[What needs to be done]:
Leave every picture out, and print the full listing again exactly.

##### Supplied material #####

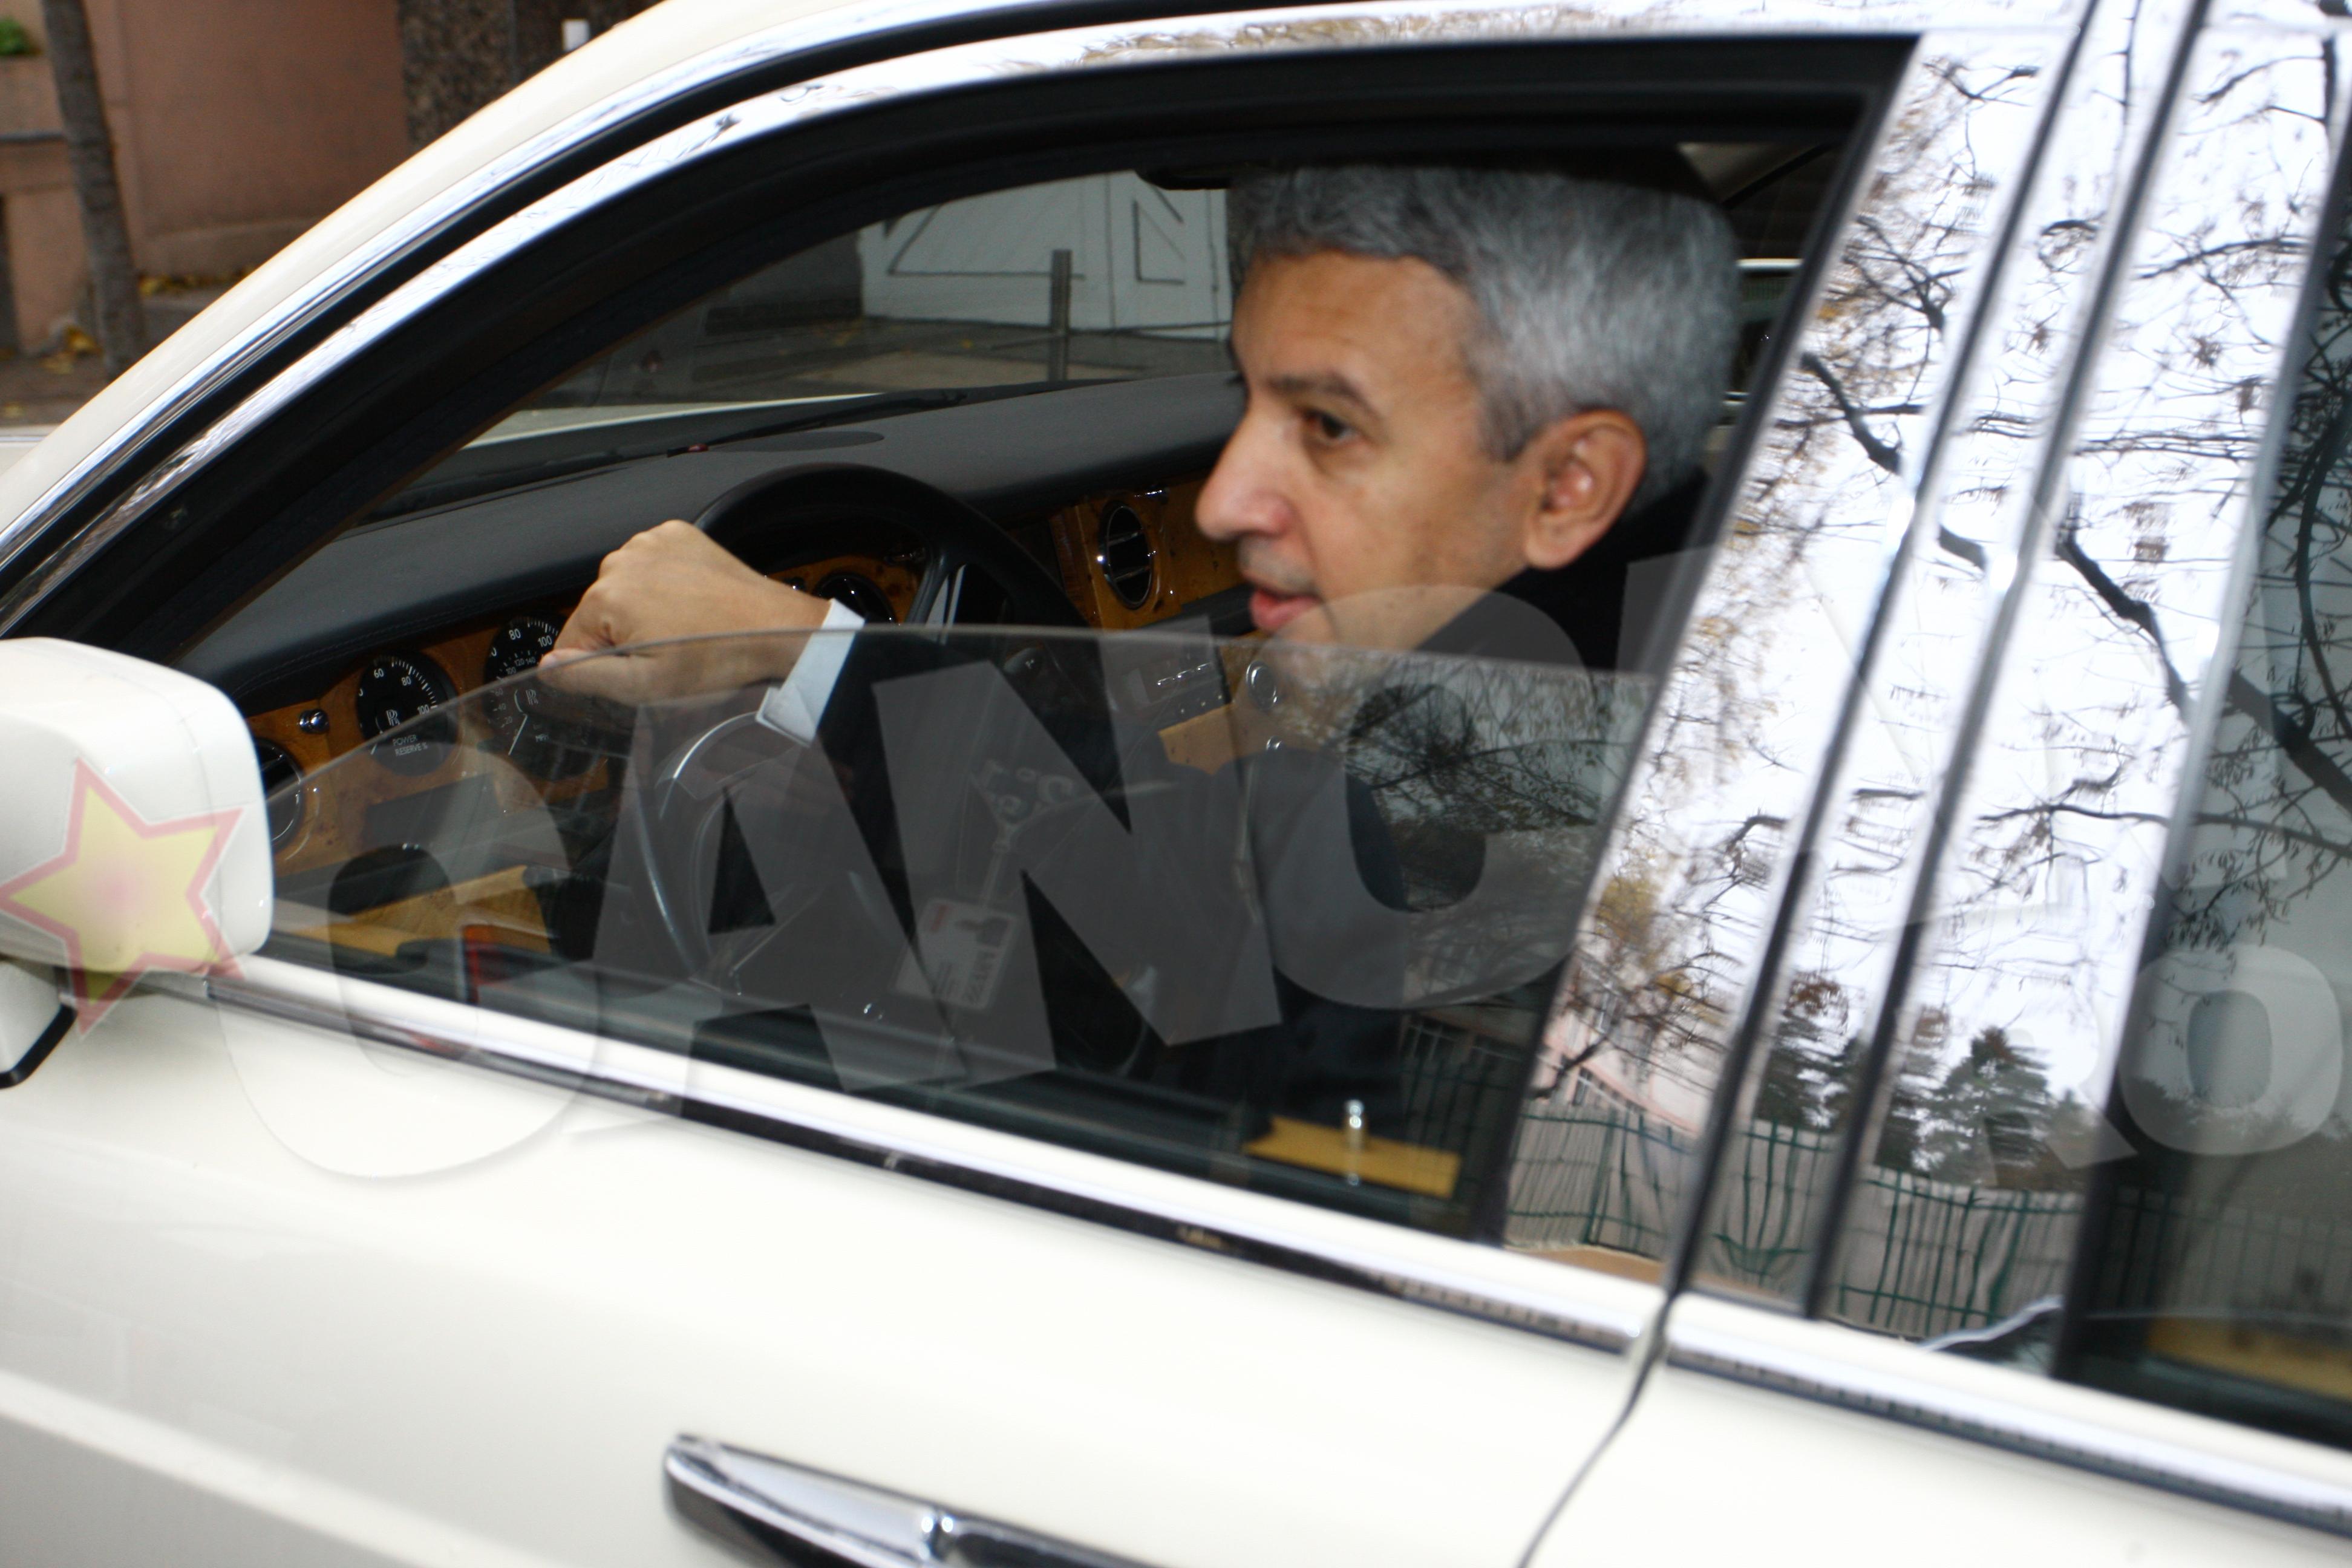 Dupa ce a votat, Diaconescu a stat de vorba cu jurnalistii
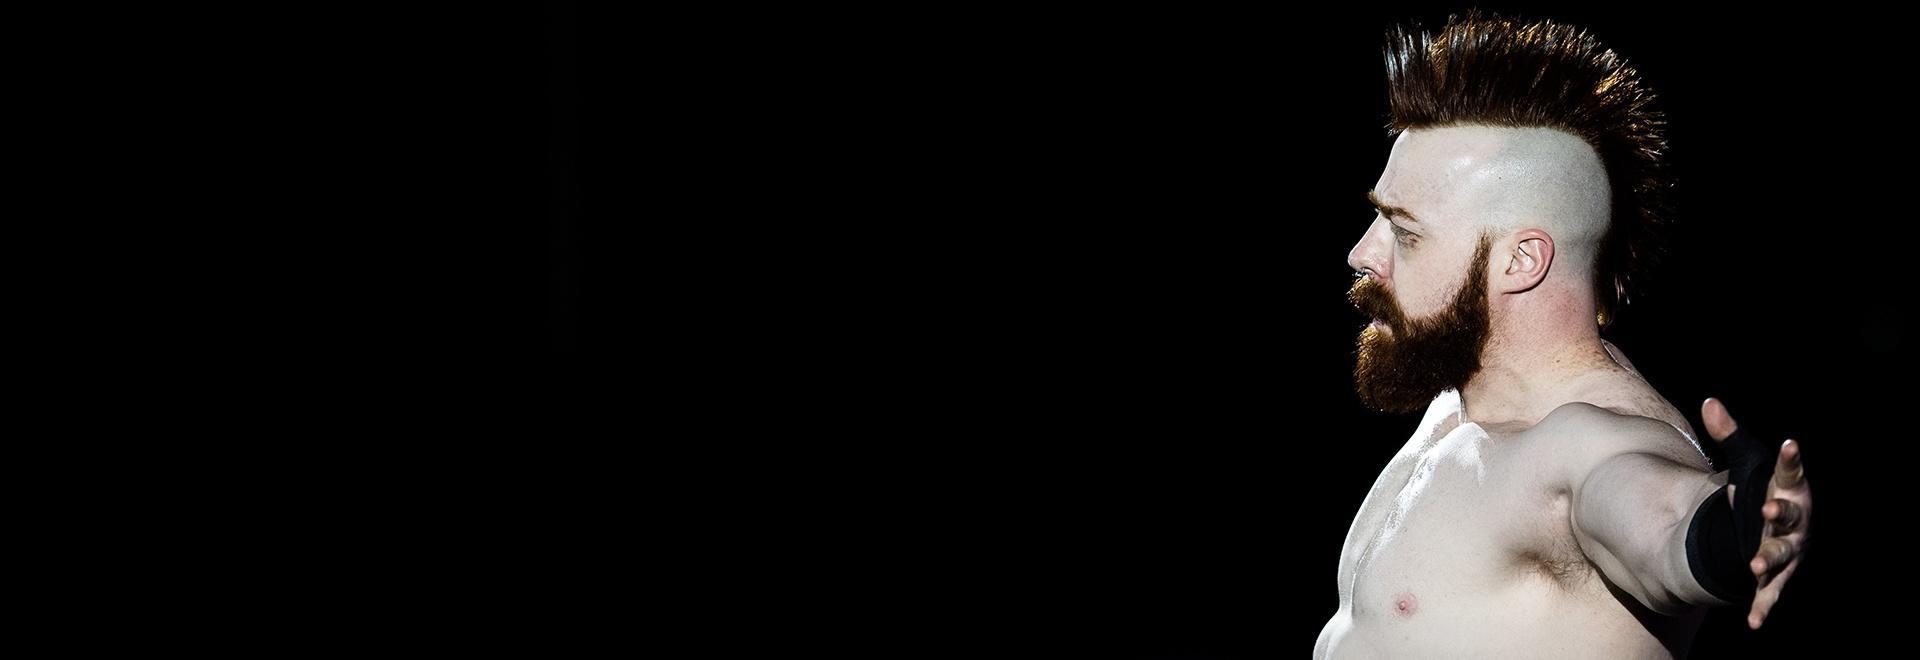 Ep. 41
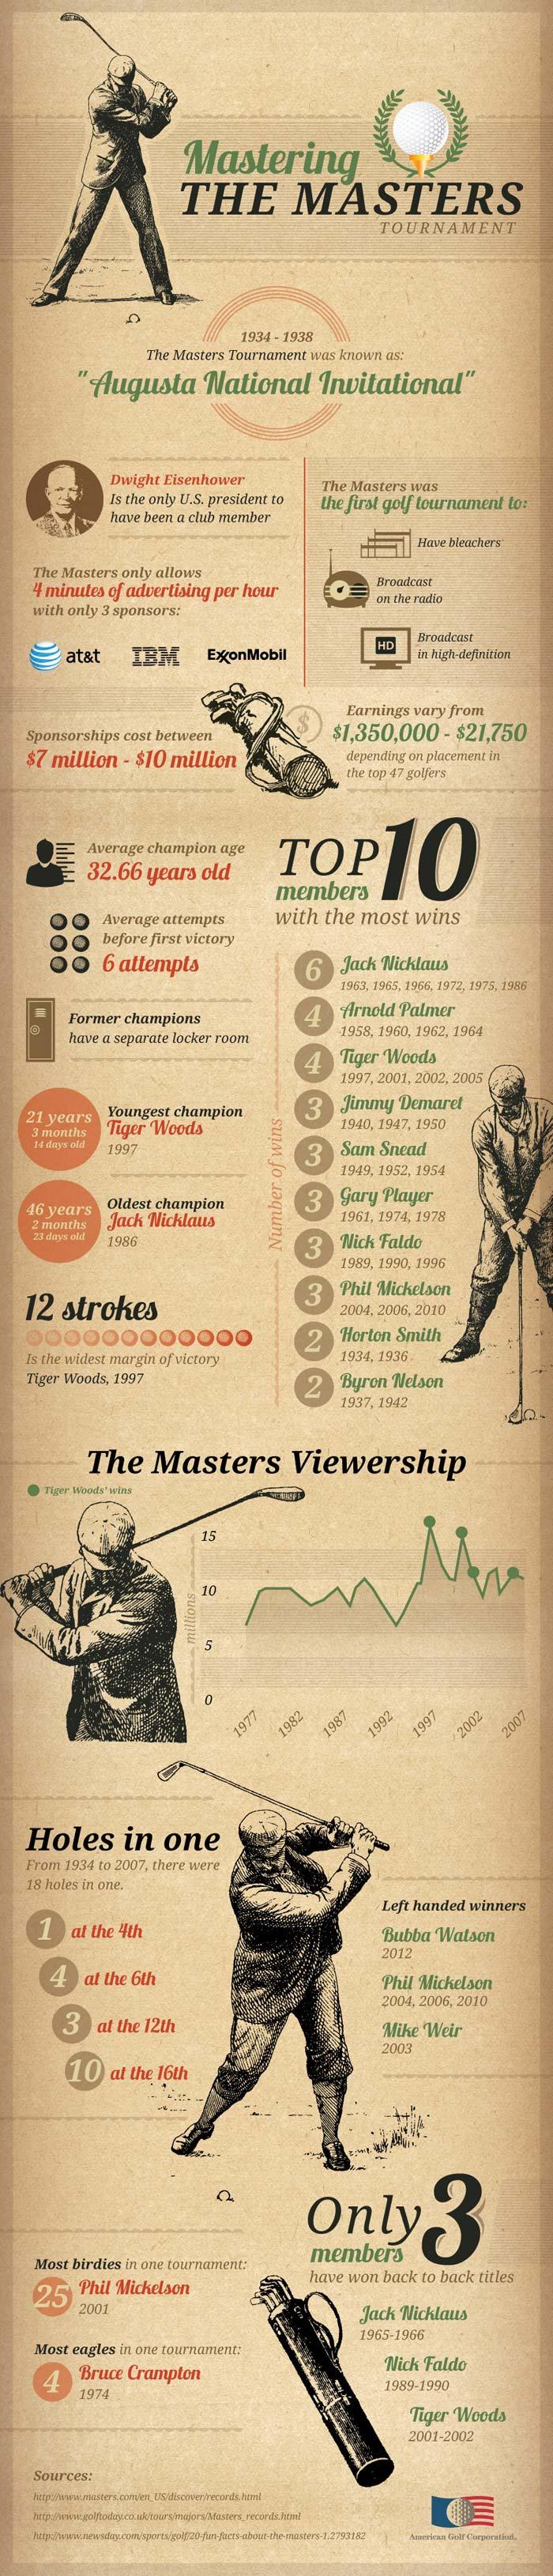 Masterin-The-Masters-Tourna

#####

[Result of the exercise]:
 Dupa ce a votat, Diaconescu a stat de vorba cu jurnalistii
 Ep. 41
 Masterin-The-Masters-Tourna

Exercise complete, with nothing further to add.